Guide

A personal finance simulator for real what-if decisions

A simulator is useful when you are not asking what your balance is today but what happens if you change the plan. Saldenza is built around that second question.

  • Run what-if scenarios instead of editing one permanent plan.
  • See how timing changes ripple through the rest of the model.
  • Use deterministic projections and scenario comparison together.

Why people look for a simulator instead of a tracker

A tracker explains the present. A simulator explores the future. That distinction matters when the decision in front of you is about timing, tradeoffs, and uncertainty rather than current balances alone.

If you are trying to answer whether to retire earlier, pay off a loan faster, or save more for five years, you are really looking for simulation behavior.

What a useful simulation changes

Useful simulations change more than one line. Raising savings can reduce spending capacity now and improve future balances. Changing retirement timing can alter income years, withdrawals, investment runway, and debt payoff schedules at the same time.

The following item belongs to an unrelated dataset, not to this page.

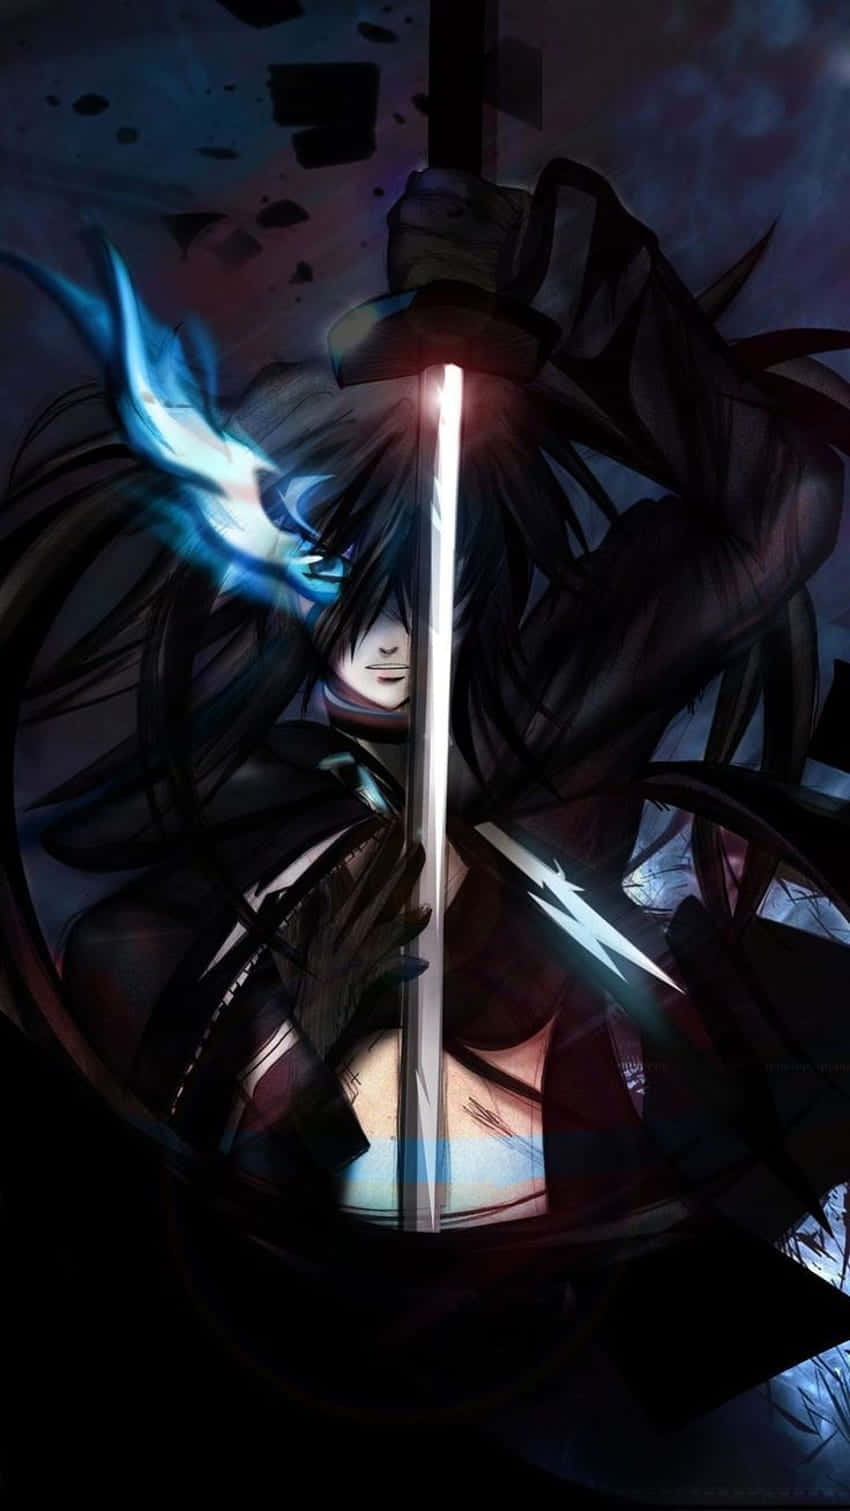 Black Rock Shooter - General Discussion - Anime Discussion - Anime Forums

  • Retirement date and phased retirement.
  • Savings and allocation changes.
  • Debt payoff acceleration.
  • Large purchase timing.
  • Temporary drops or jumps in income and expenses.

How Saldenza makes scenario work practical

Saldenza keeps a baseline projection and lets you create alternative scenarios instead of overwriting the original model. That is critical when you want to compare tradeoffs cleanly and avoid losing the current plan.

Frequently asked questions

What makes a simulator better than a static retirement calculator?

A simulator can handle many connected changes at once and preserve multiple scenarios. Static calculators are faster for one question but usually too narrow for full-plan decisions.